2010 yılına gelindiğinde Lancet o makaleyi geri çekiyor dergiden. Tabi o sürede olan oluyor. Kızamık aşı ile toplumdan yok edilecek olma şansını yitiriyor.
"Aşı karşıtlığının kimseye faydası yok"
Bazı noktalarda aşı karşıtlığının arkasında örgütlü bir gücün olabileceğine dikkat çeken Yaşar, "Aşı karşıtlığının kimseye faydası yok. Bu karşıtlığa inanarak aşı olmayan toplum bundan zarar görüyor. Aşı, toplumun bağışıklığını da korur, sürü bağışıklığını sağlar. Ya hastalığını geçirerek ve ölümlere razı olarak sürü bağışıklığını sağlayacaksınız ya da aşıyla sürü bağışıklığını sağlayacaksınız." dedi.
"Önlemler vaka sayılarını azalttı"
Hastaneye yatırılan vaka sayılarının son zamanlarda arttığını ancak son günlerde 30 binlerden yarıya kadar düştüğünü hatırlatan Yaşara, "Bu önemli bir gelişme. Bazı katı önlemlerin bulaşıcılığı engelleyip hem vaka sayısını hem de buna bağlı olarak ölüm sayısını paralel olarak azalttığını söyleyebiliriz. Şu anki ikinci dalga çok daha bulaşan, daha çok akciğeri tutan bir virüs. Bu yüzden ağır vaka sayılarımız arttı ve sağlık sistemimizi zorlamaya başladı. Şu an hastanelerde doluluk oranları oldukça düştü." İfadelerini kullandı.

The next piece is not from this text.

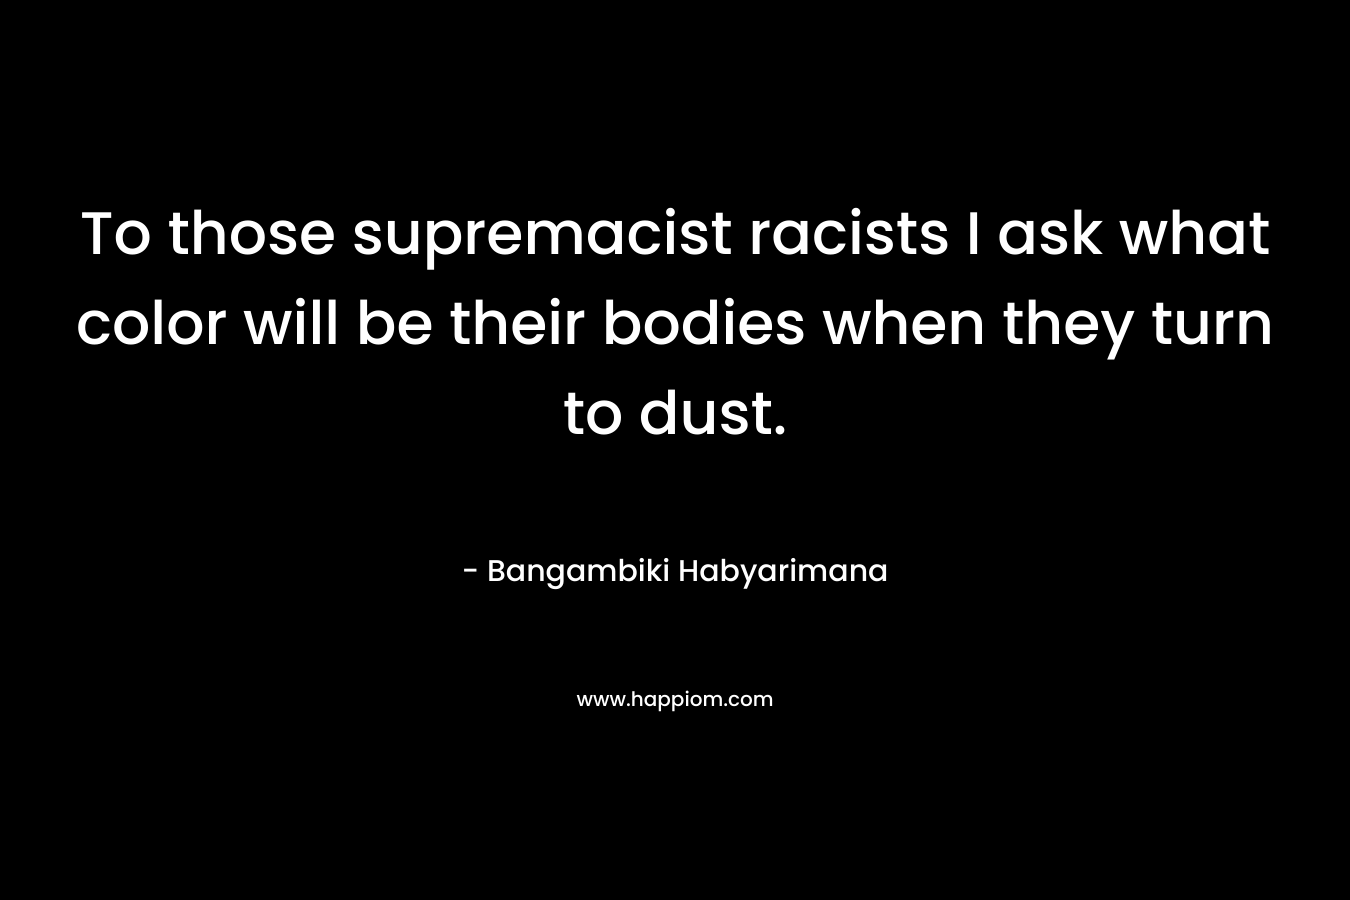 To those supremacist racists I ask what color will be their bodies when they turn to dust.

"Aşı, şu an ki illetten bizi kurtaracak yegâne araç gibi görünüyor"
Yılbaşından itibaren aşılamaların başlaması halinde ocak ayının sonuna doğru vaka ve hasta oranlarının azalmasının beklendiğini kaydeden Yaşar, "Aşı gelip yapılırsa önümüzde güzel günler bekliyor olacak. Nisan, mayıs ve hazirandan önce bu illetten kurtulmuş sayılmayacağız maalesef. Aşı, şu anki illetten bizi kurtaracak yegâne araç gibi görünüyor. Sağ olsun, bakanlık aşıyı temin etmek konusunda elinden gelen gücü gösteriyor. Aşı olmak demek, maske, mesafe ve hijyen konusundaki tedbirleri bırakacağız demek değildir. Bu aşamalar muhtemelen nisan ayına kadar devam edecek. Nisan ayında kendi aşımızın üretilmesiyle muhtemelen isteyen herkesi aşılayabilen bir duruma geleceğiz. İnşallah istediğimiz sürü bağışıklığını elde ederek virüsün ülkemizden ve tüm dünyadan gitmesini sağlamış olacağız." diye konuştu.